Output the data below exactly as it is, dropping the pictures from your copy.

→ GIVEN INFORMATION:
========================================
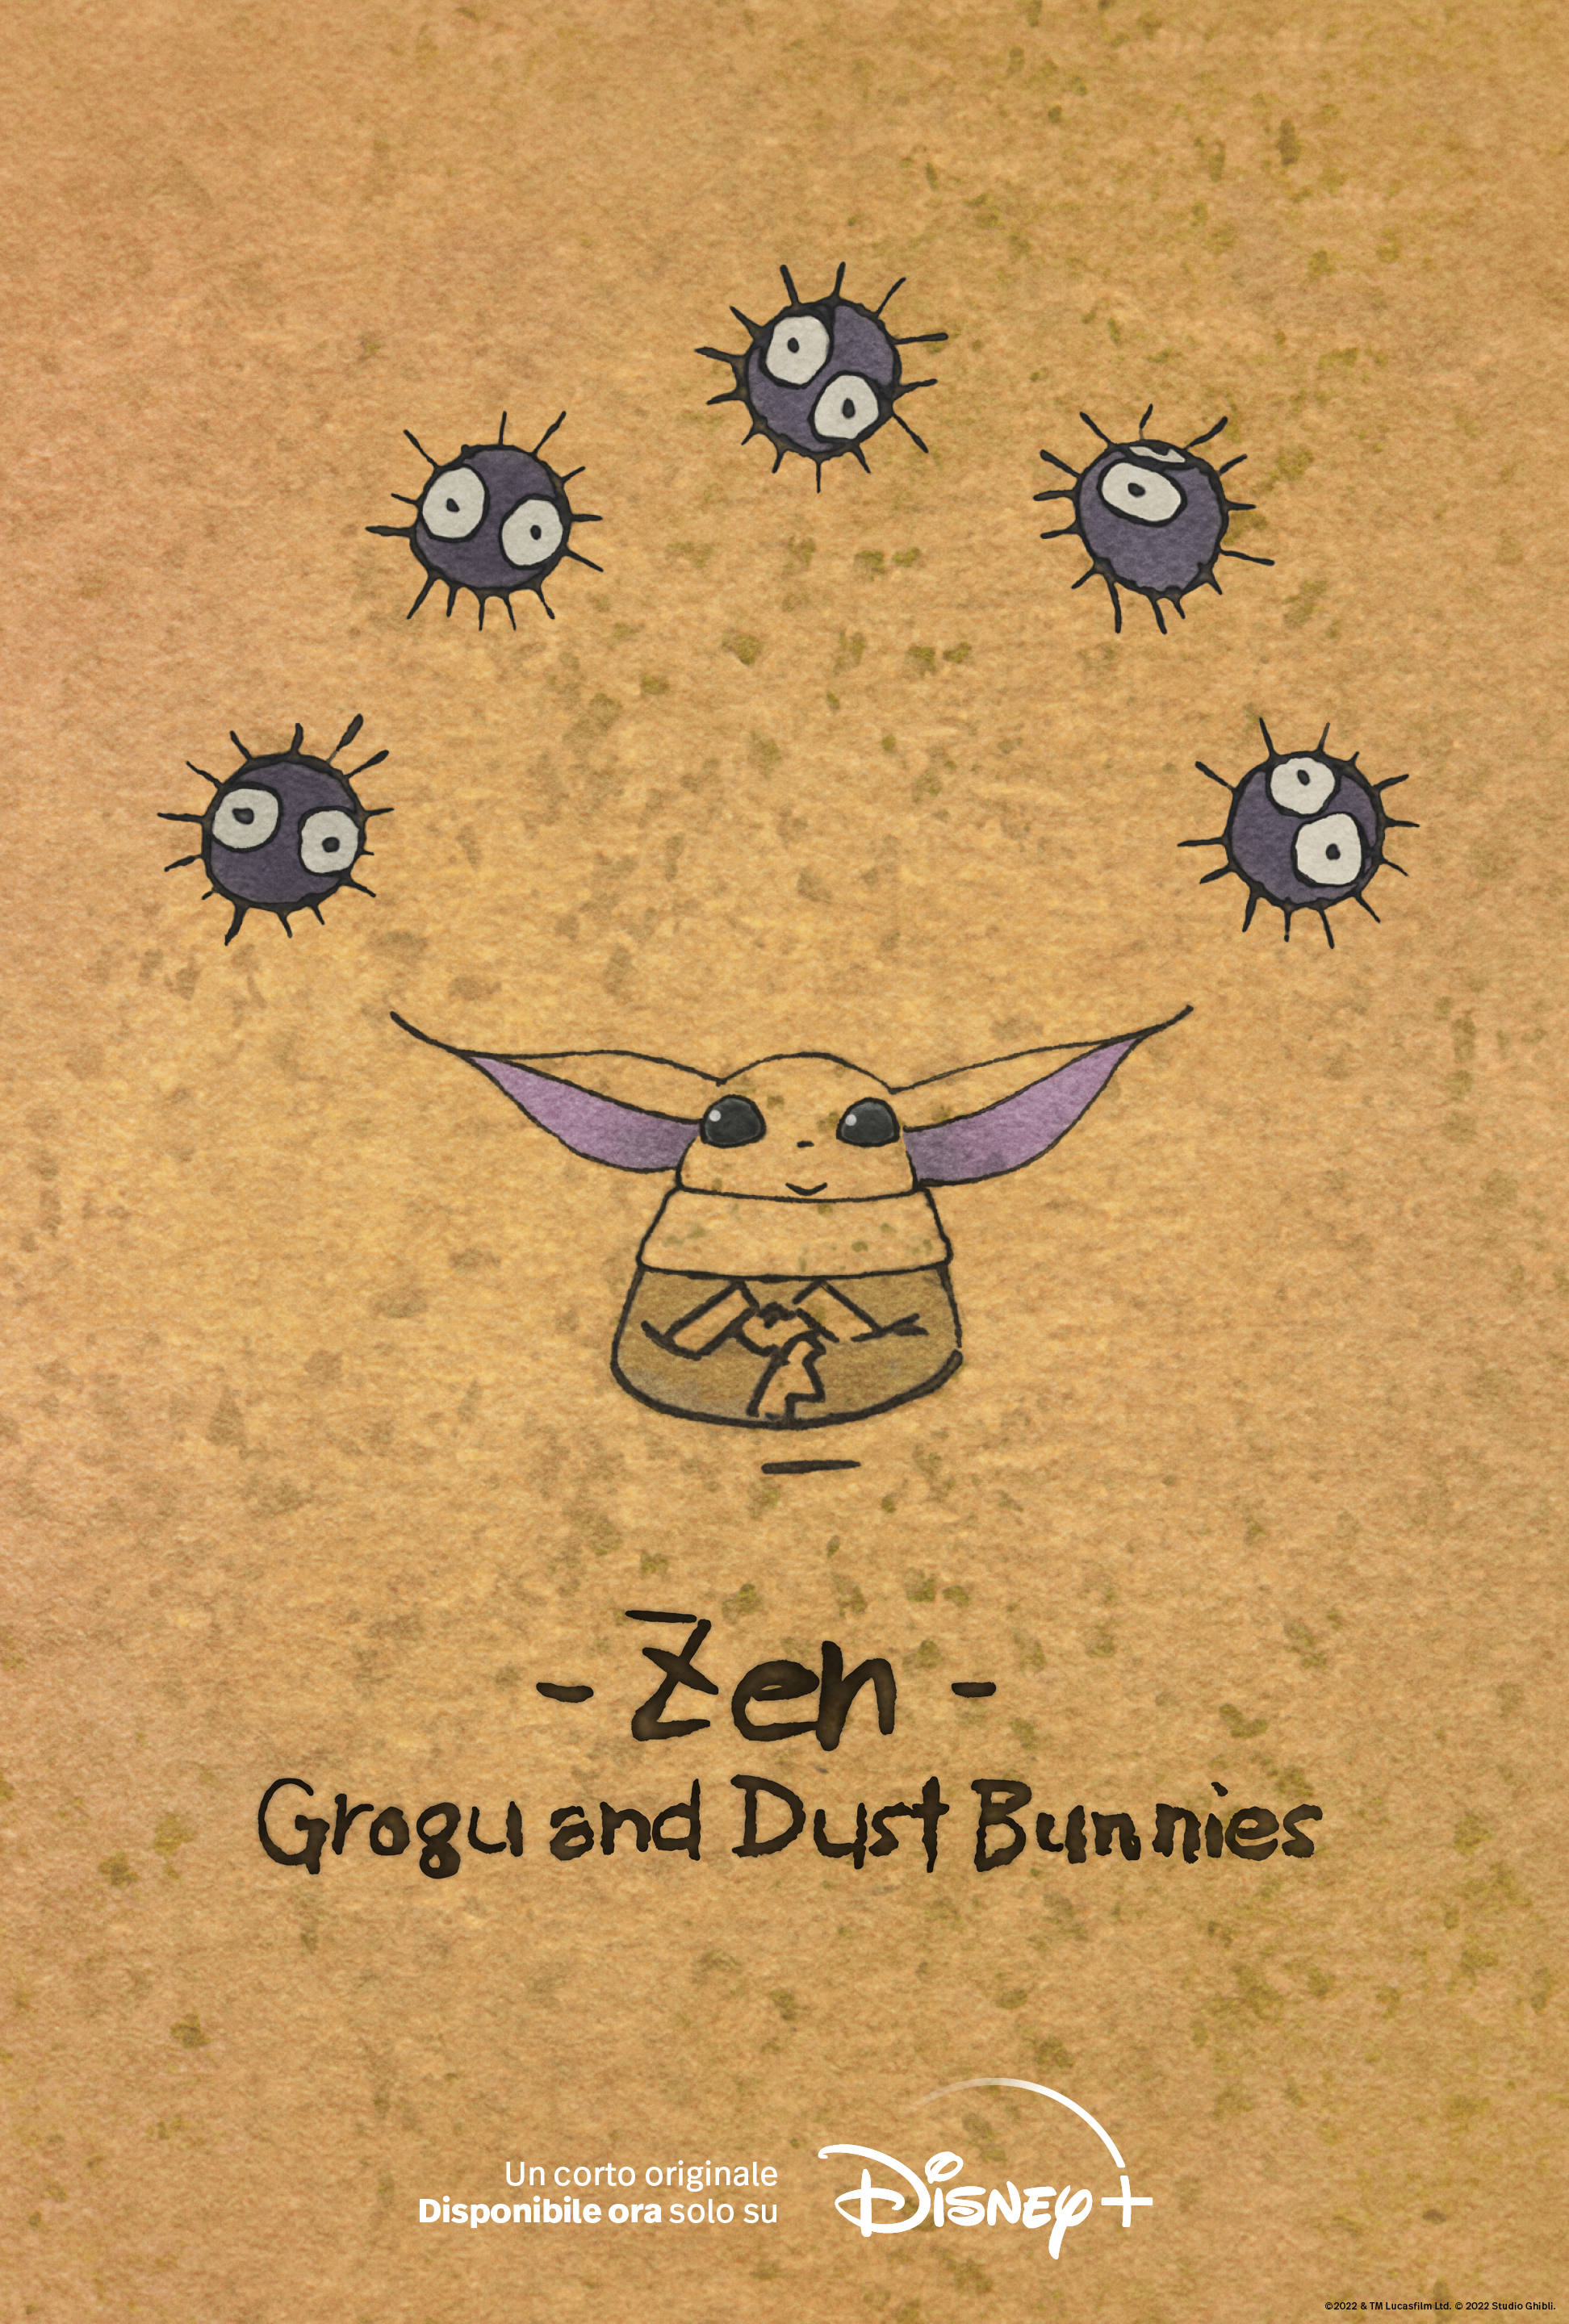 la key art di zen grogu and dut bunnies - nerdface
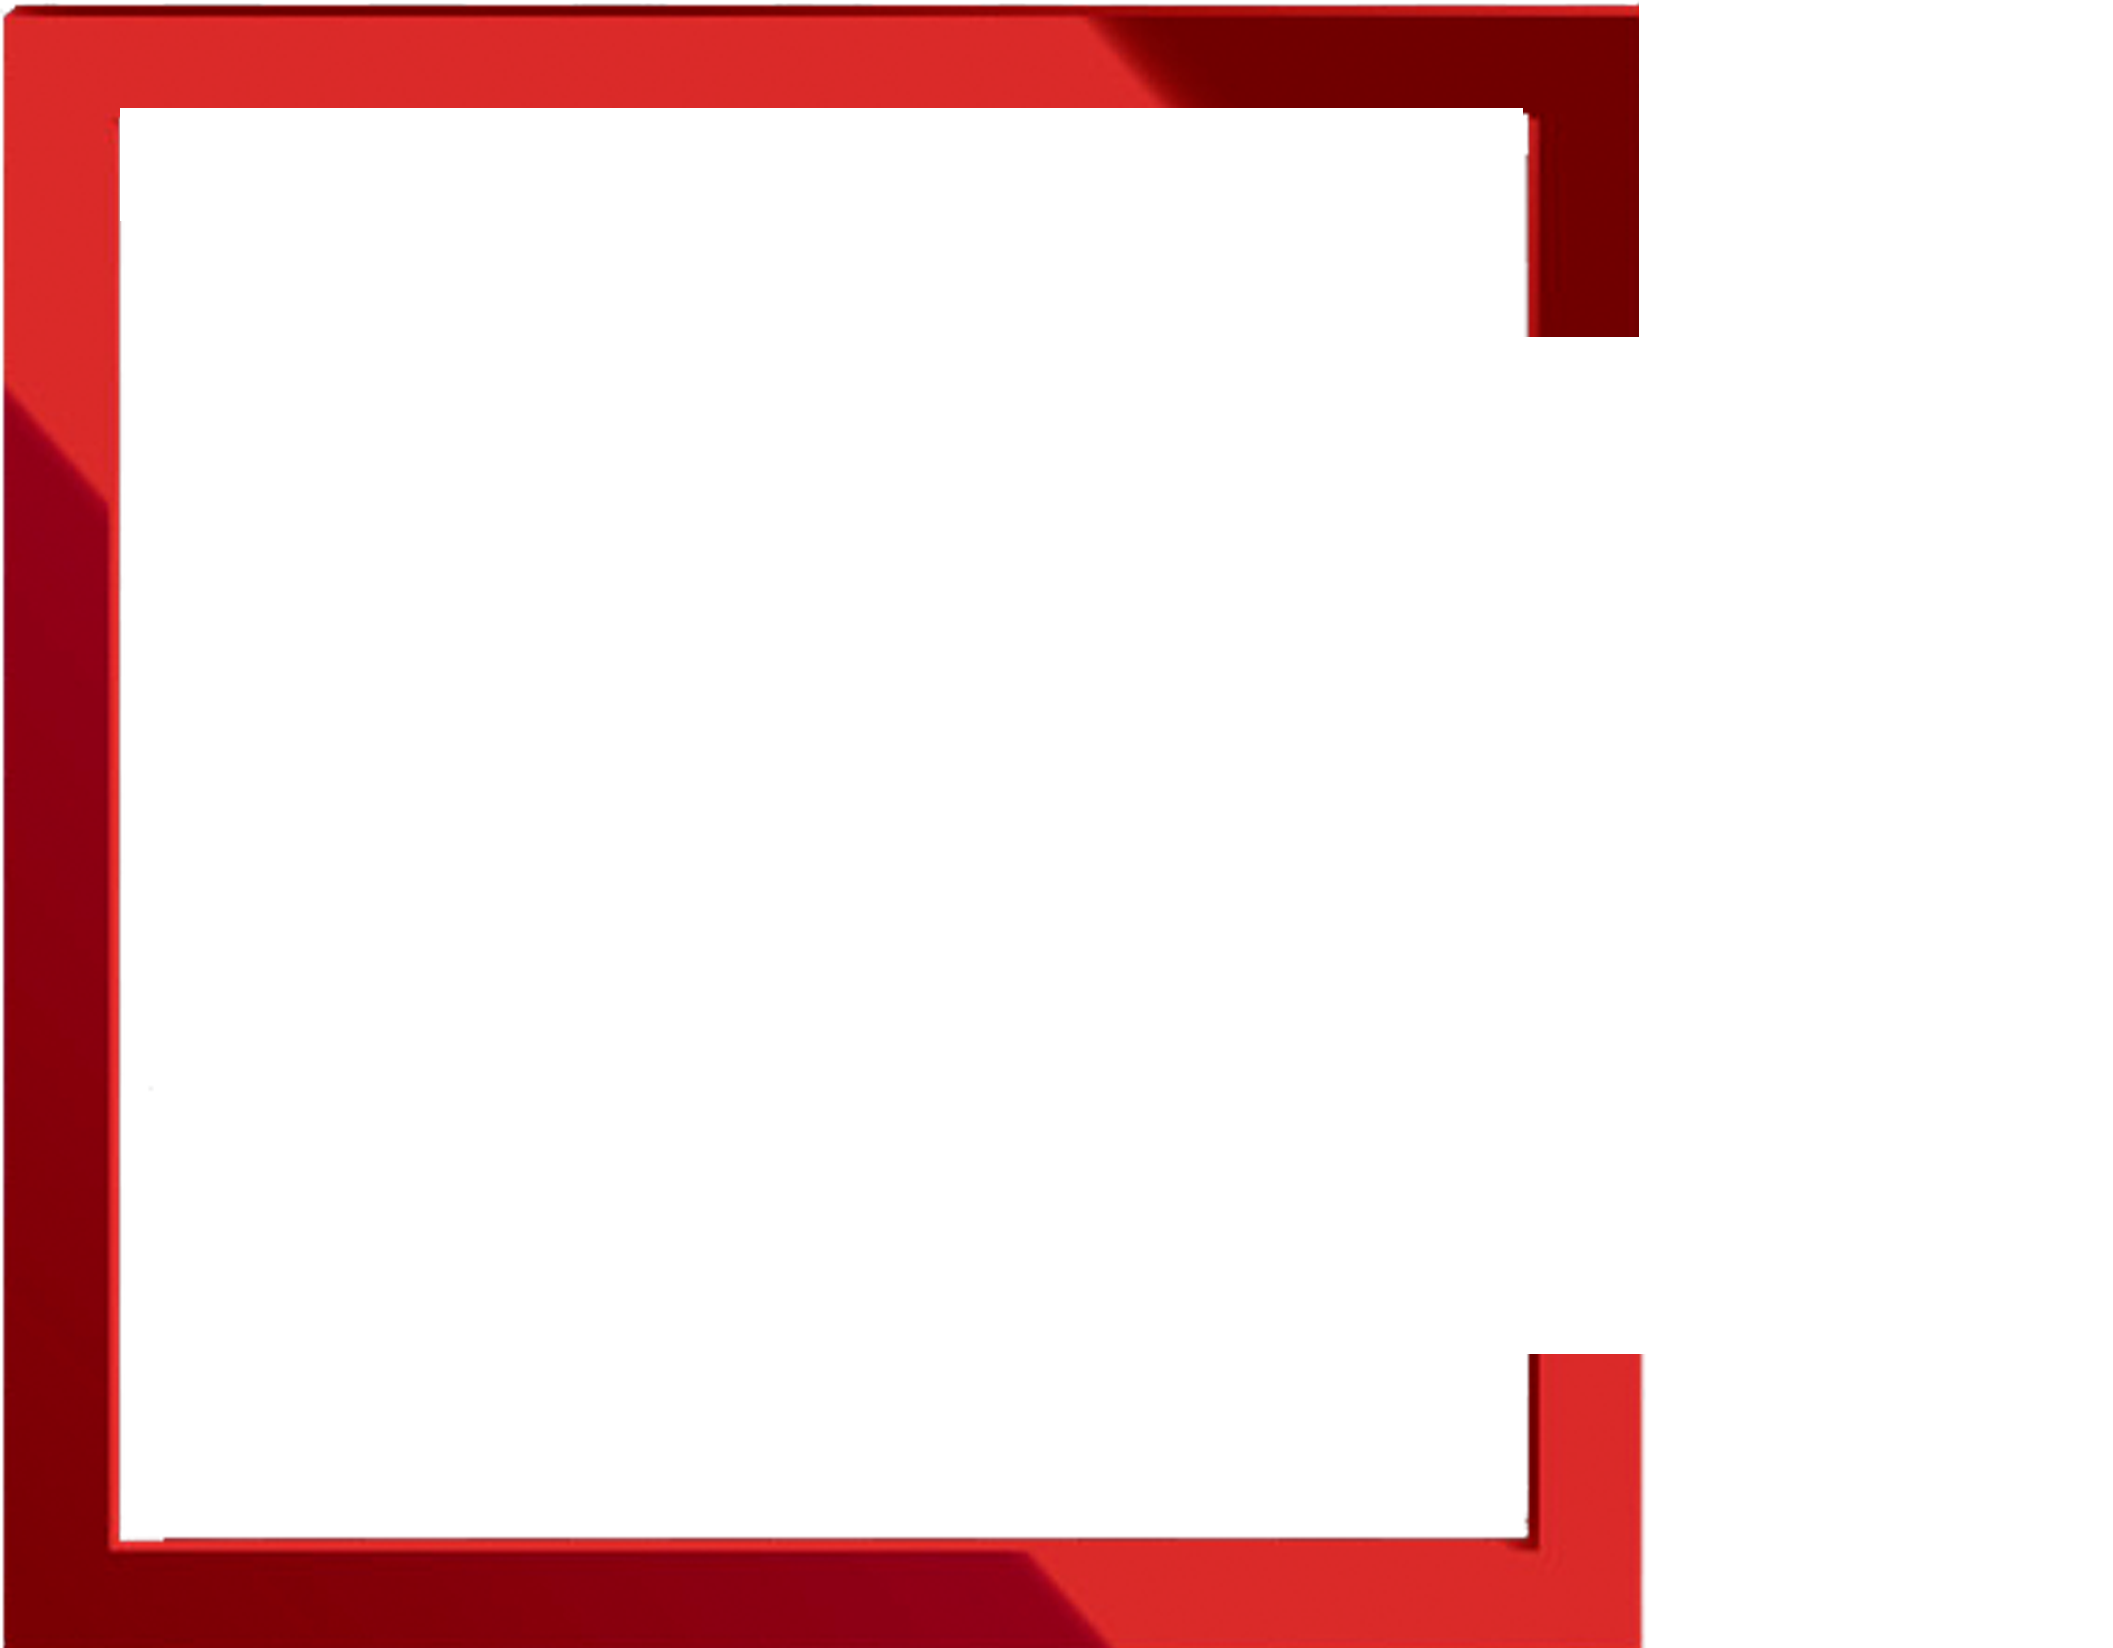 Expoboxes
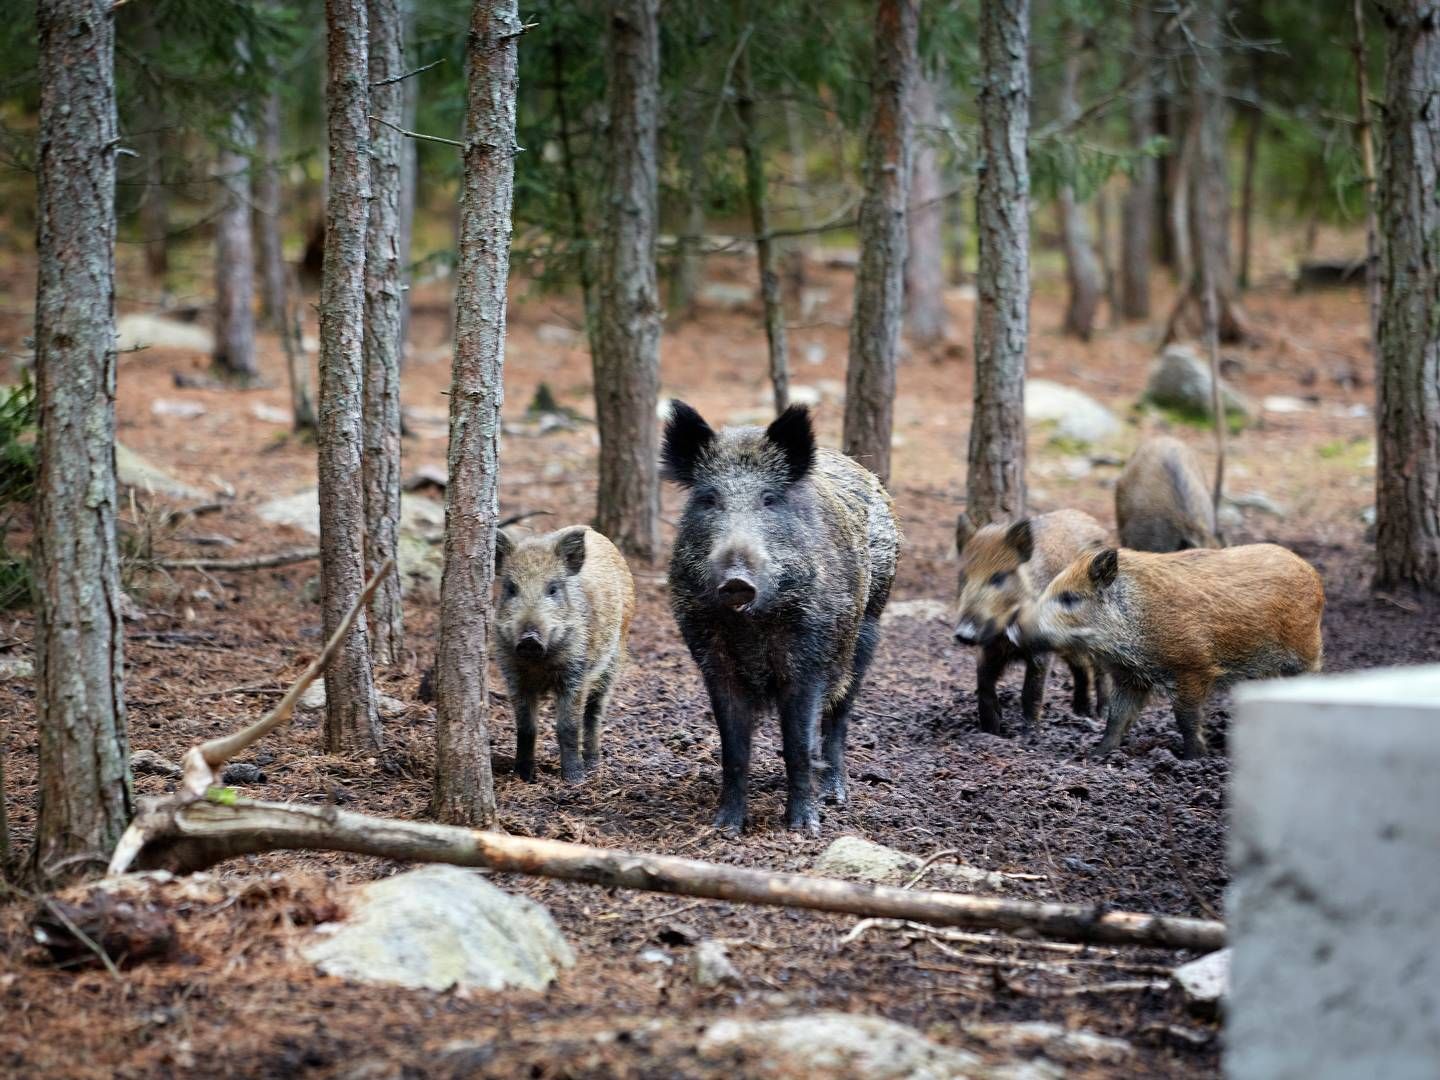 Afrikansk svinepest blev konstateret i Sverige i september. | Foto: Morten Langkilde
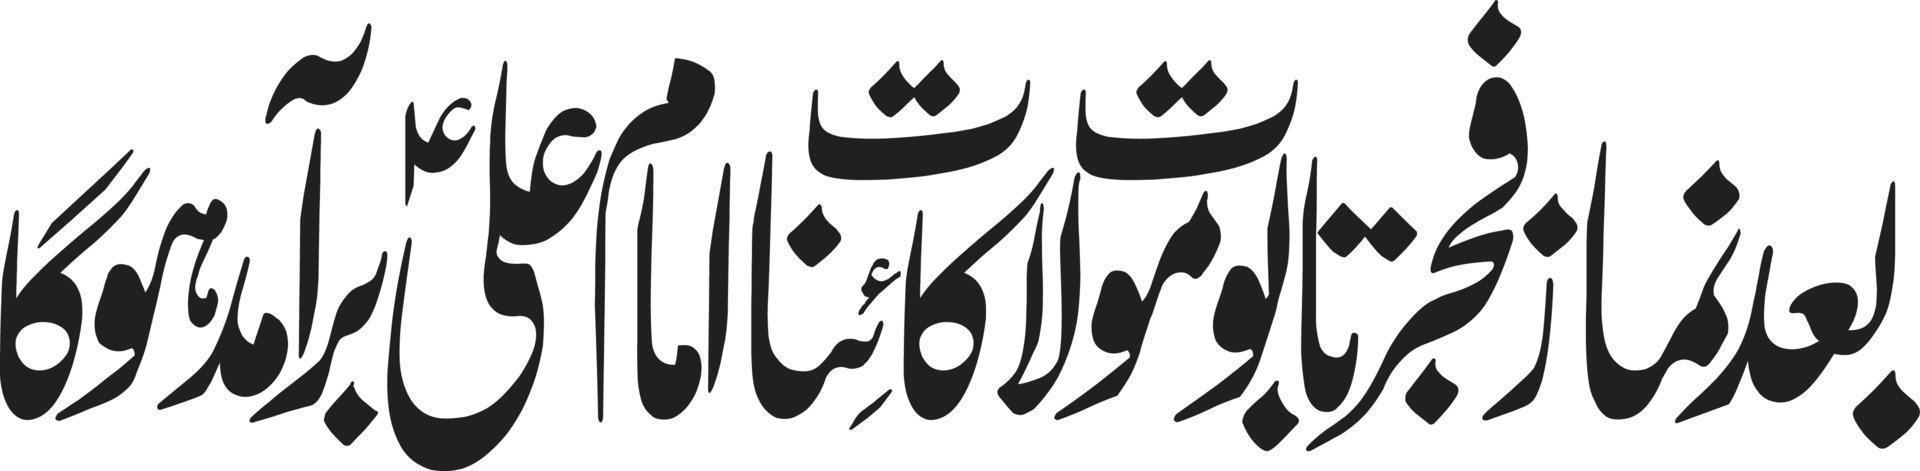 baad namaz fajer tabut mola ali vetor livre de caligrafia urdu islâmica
========================================
→ RESPONSE:
 la key art di zen grogu and dut bunnies - nerdface
 Expoboxes
 Afrikansk svinepest blev konstateret i Sverige i september. | Foto: Morten Langkilde
 baad namaz fajer tabut mola ali vetor livre de caligrafia urdu islâmica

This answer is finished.